Chaucer.
Here, closing my eyes on the sloops, lighters, and schooners lying at no great distance, and barring my ears against the cries of busy carmen and wharfingers, and the clanging of steam-engines, I calmly set about surveying in my mind's eye the group which ready imagination conjured up in colours, if not as true, at least as glowing, as the by-gone reality.
About rose the forest-crowned slopes,—for this is a region of hill and dell,—with small green belts of meadow drawn between: along the river glided, with an arrow-like track, the light canoes, when, as they touch this sylvan harbour, the until now well-suppressed joy of victory bursts out in exulting shouts and yells wildly terrific;—the solitude is awakened, the slumbering villages are roused, and the well-known cry of Indian triumph comes back from every teeming hill; whilst the roused deer springs trembling, from his covert, and the fierce panther crouching seeks his gloomiest lair.
The adventurous captain, to whom peril was as a household word, and fear a term unknown, is now unbound, and led on shore, walking with a free step among his captors and with a cheek unblanched, casting proud scornful looks upon forms and faces which might have scared the devil; for the roused Indian—cowed as is his present nature by a hard-bought conviction of his inferiority—is yet a fearful object to behold when decked in paint and plume and all his horribly fantastic war array.
The next scene presented the assembled council and the prolonged debate; the warriors' detail of their long secret marches, continued hunger, and anxious ambush, until the moment arrived of the Pale-face's security, and the Indian war-whoop, surprise, and triumph. The continued massacre is next detailed; ending with the settlement being left a reeking charnel-house, and its best champion led captive to crown the triumph with his death, the last and proudest sacrifice to Indian vengeance.
The last change was to the ready stake, near which stood the unshaken captive and the eager warriors, encircled by an admiring crowd—and woman, too, was there, lovely woman! whose angel heart no custom, however barbarous and time-honoured, can wholly harden against that tender sympathy which forms at once her highest pleasure and her most dangerous snare.

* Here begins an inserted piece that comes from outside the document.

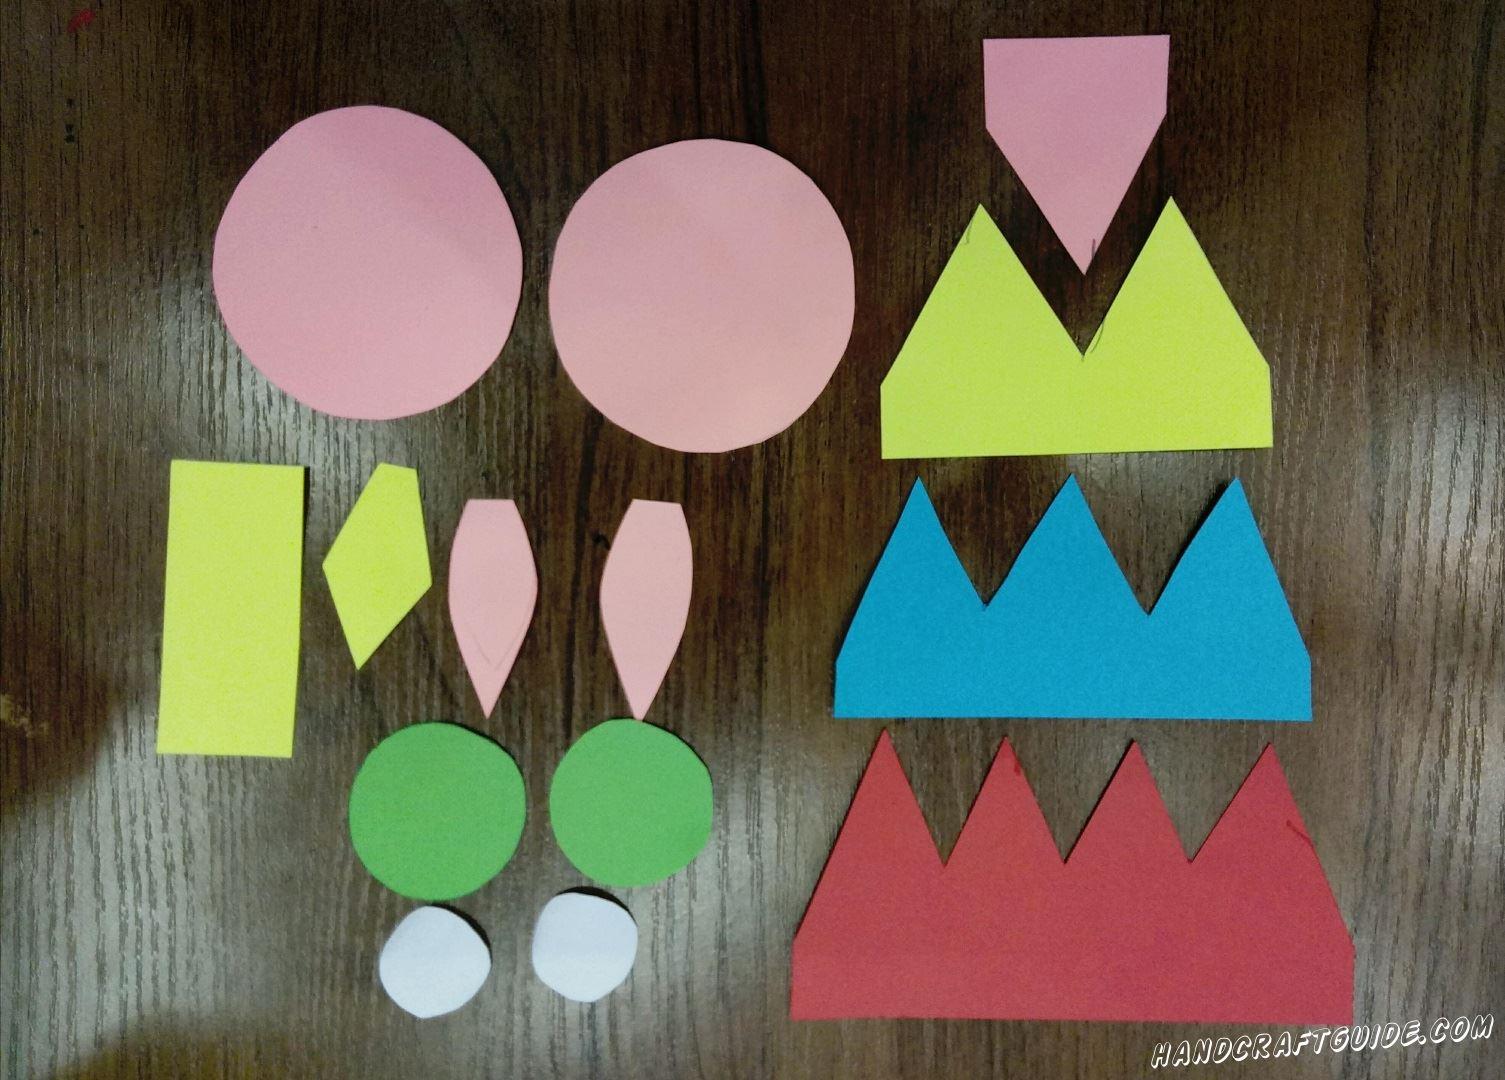 Для начала нам нужно подготовить, то есть вырезать все необходимые нам детали из цветной бумаги. Постарайтесь вырезать все детальки, как они показаны на фотографии

Amongst the eager crowd stood one admiring, and pitying whilst admiring, till nature, stronger than the ties of country and of custom, spurning their control, armed with irresistible persuasion the Indian maiden's tongue, and touched a new chord in the stern breast of her sire and king; at once giving to the hopeless captive life and freedom, and winning for the name of Pocahontas the immortality of a nation's gratitude: and never, surely, did nature show more beautiful than when it thus rose superior to the force of habit long confirmed; nor ever did mercy achieve a prouder triumph than when, animating woman's voice, it reprieved from the fire of the Indian warrior a captive so feared and so honoured.
I had, in this place, the pleasure of passing an evening with a descendant of this princess, rendered more famous by her compassionate nature than though her father had worn the diadem of the Cæsars. This is the third female I have encountered in society claiming the like honourable descent; they have each been distinguishable both in physiognomy and manner; right gentle ladies all, as ever sprung from royal lineage, savage or civilized: one of them, lately married to a northern gentleman, possesses in a remarkable degree the traits of Indian blood and beauty, with much simplicity and grace of manner, and a freshness and warmth of feeling as delightful as it is natural and original.